Some time later, I heard a man shout, “Hey, Berger.” It was the unmistakable, nasal inflection of the Maple Leafs owner, who waved me to his seat (he always called me by my surname).
“Hi Mr. Stavro; Mrs. Stavro,” I said, upon arriving, at which point the former began to engage me in a general discussion of the World tournament. We covered several other hockey-related topics during a 40-minute palaver – the one and only time I ever found myself exclusively in Stavro’s company. So, I decided to take a chance.
Nearly a decade had passed since the Gretzky-Leafs courtship and no further explanation had surfaced about why Stavro rebuffed No. 99. The entire scenario – as reported – had never made a lot of sense to me; Gretzky in Blue and White seemed like a perfectly logical alliance. At one point in my conversation with the Leafs owner, when I felt him relaxed and of undivided attention, I asked, “Mr. Stavro: What really happened in 1996 with Wayne Gretzky? It’s true he wouldn’t have augmented ticket sales at Maple Leaf Gardens but I still have trouble believing you didn’t want the greatest player in the game.”
I braced myself for either admonishment or evasiveness; Stavro, to my recollection, had never spoken intimately about hockey business to any person with a media badge. Instead, and to my astonishment, he leaned forward and looked me directly in the eye.
“You want to know what happened, Berger?” he said, as if annoyed in perpetuity over the long-established reason. “It’s very simple. Gretzky and Michael Barnett wanted equity in the team… to own a part of the hockey club. Though I had taken Maple Leaf Gardens Ltd. private, I didn’t have sole authority over such a request, but I knew it would never fly. Not for a second. All of these years, I’ve gotten hell for not wanting Wayne Gretzky. That was never the case.”
This was shocking, first-hand information, but I understood the futility of questioning whether or not our discussion was “on the record.” Nothing Mr. Stavro ever said about the Maple Leafs was for attribution – particularly by chance during a long, trans-Atlantic flight. So, I kept it to myself; painfully holding back every reporting instinct in my DNA. Not until Gretzky’s bitter annulment with the Phoenix Coyotes and the NHL, half-a-decade later, did I tell the story on The FAN-590. As mentioned, I was never able to corroborate Stavro’s claim of equity. I did run it past Barnett some time later and was brusquely dismissed.

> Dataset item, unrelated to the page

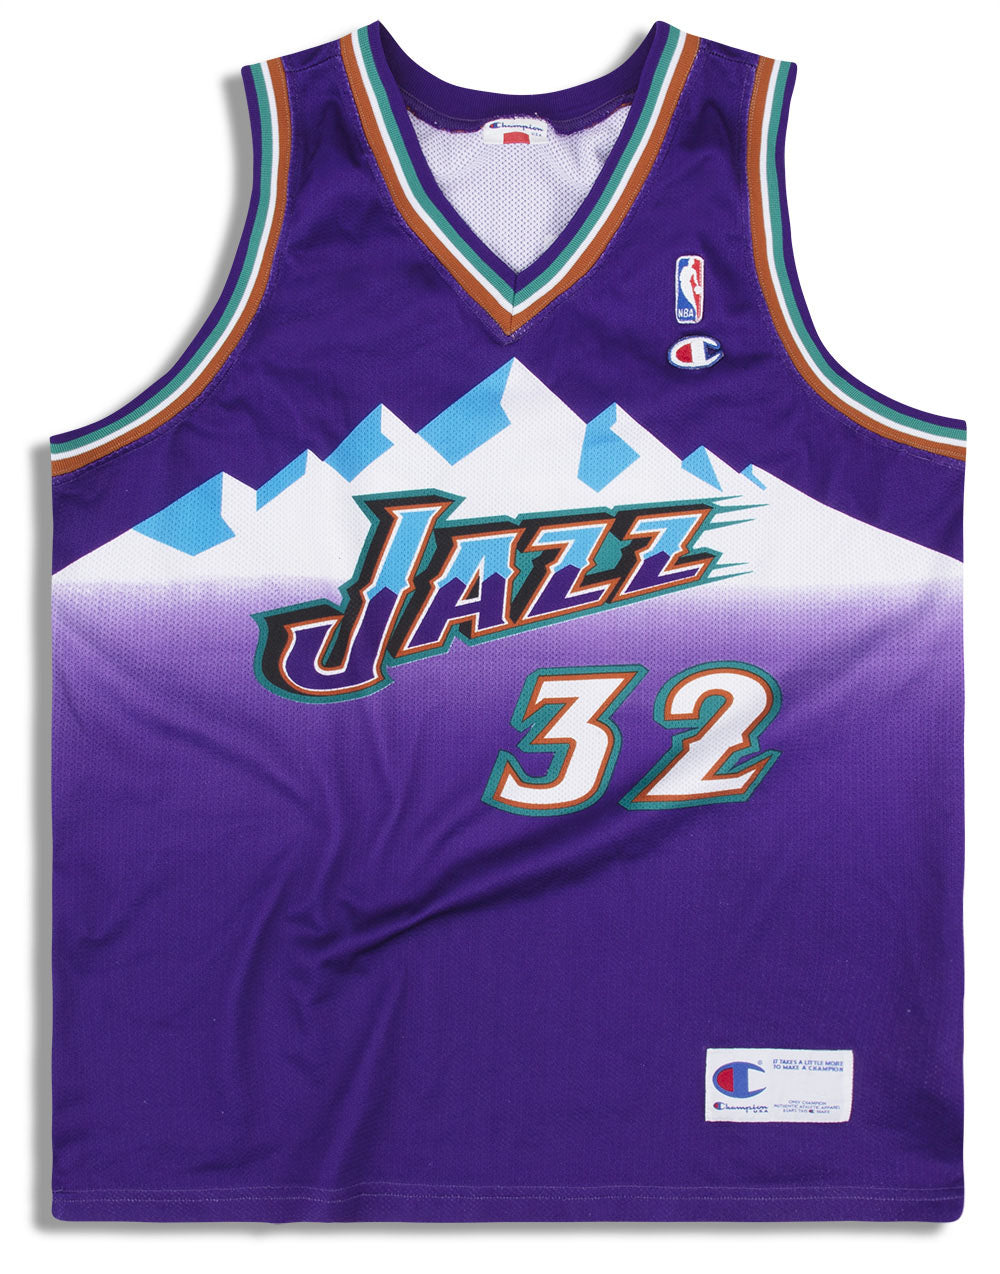 Buy Vintage Utah Jazz 00 Sanders NBA Baskerball Reebok Jersey

ACCORDING TO STEVE STAVRO, WAYNE GRETZKY’S DESIRE TO OWN PART OF THE LEAFS ENDED NEGOTIATION WITH THE HOCKEY CLUB IN THE SUMMER OF ’96. GRETZKY JOINED NEW YORK RANGERS AND RETIRED THREE YEARS LATER.
Mr. Stavro died less than a year after our airplane chat – Apr. 24, 2006 – having suffered a heart attack in his Toronto home. My instinct told me he wasn’t offering a fabrication on that Vienna-to-Toronto flight and I can assure you – to this day – his account made a hell of a lot more sense than the prevailing story. From a financial perspective, Leafs could easily have signed Gretzky and made a killing on jersey sales alone. Moreover, perhaps the club would not have missed consecutive playoff appearances in 1997 and ’98 with The Great One in uniform.
On this quarter-century anniversary of “The Trade”, it seemed like the right moment to remind hockey fans of the “alternate” theory regarding Gretzky’s failed flirtation with the Toronto Maple Leafs.